At the junction of Albemarle and Bridge he found himself in a Negro section. A solid ghetto of blacks. He had gone only a few blocks down Bridge when, suddenly, he stopped the car. His skin began to prickle. He knew he had been there before. He recognized the red brick school building down the street. The big gas station on the co
rner. And opposite the gas station, a small shopping area that looked familiar. Very familiar. There was a supermarket there now, and a pizza parlor, and a bar called Hi-de-Ho. But he seemed to remember, through the gauze of some veil, a candy store, a shoe repair shop, a bakery. The signpost said: Almont Street.
This was my old neighborhood. This was where I lived. This was my street.

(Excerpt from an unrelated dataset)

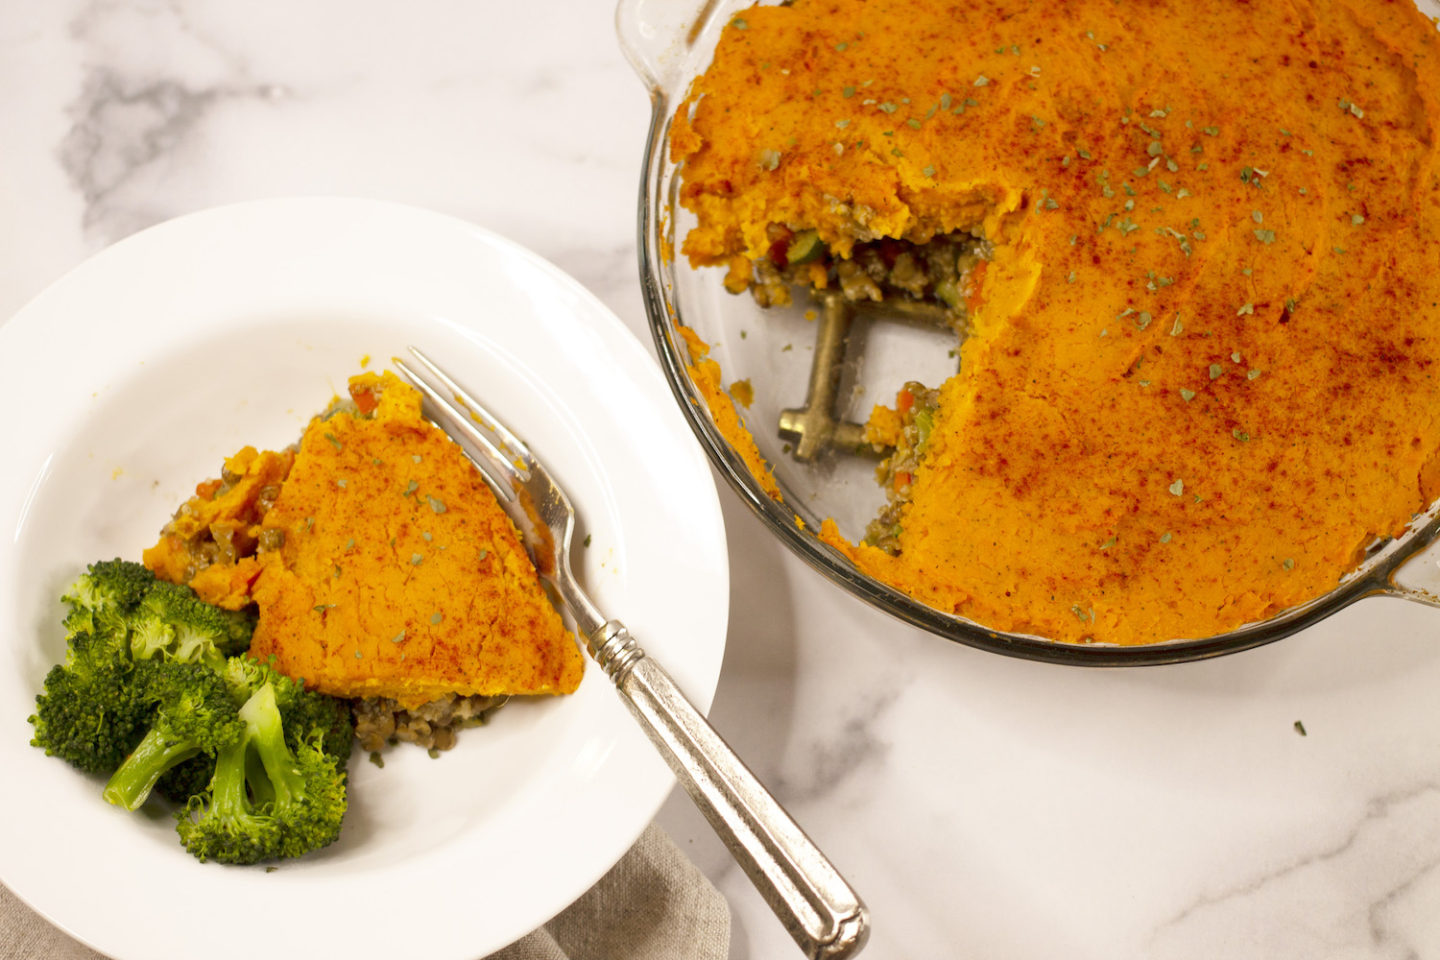 Vegan Shepherd's Pie with plate and broccoli

He had no doubt about it. He simply knew it. It had never occurred to him to look in this area. He had overlooked the fact that white neighborhoods often changed radically during the years, some of them becoming all black. And he knew that old houses in slum neighborhoods often were the last to be torn down. They simply deteriorated until even the ghetto tenants abandoned them.
Dimly he heard the raucous blast of automobile horns behind him. Angry voices shouted at him. He became aware that he had stopped the car in the middle of the street. He drove to the next street, went back, and like a homing pigeon headed down Almont.
Then he saw it. The third house from the corner, on the left-hand side.
No. 28 Almont Street. It had aged tremendously. The white stucco was stained and cracked. Someone had painted the rotting shingles white, but the paint was peeling, exposing the brown underneath. The wooden frames around the windows were warped and weather-beaten. The neat lawn he remembered was now a tangle of weeds and crabgrass. The whole place was shabby, neglected.
He stopped the car at the curb directly in front of the house and sat there, staring at the house. He hardly noticed the three black men sitting on the upper step of the rotting porch. They were watching him intently, their faces hostile. Finally one of them got to his feet and walked slowly down the broken sidewalk toward him. He was a huge, hulking black with great, hairy arms. He stuck his head through the open window of the car.
“Whut you want, man?”
“Nothing.”
“Whut you stopping here for, then?”
“Just looking.”
“Lookin’ for whut?”
“That your house?”
“Yeah.”
“How long have you been living there?”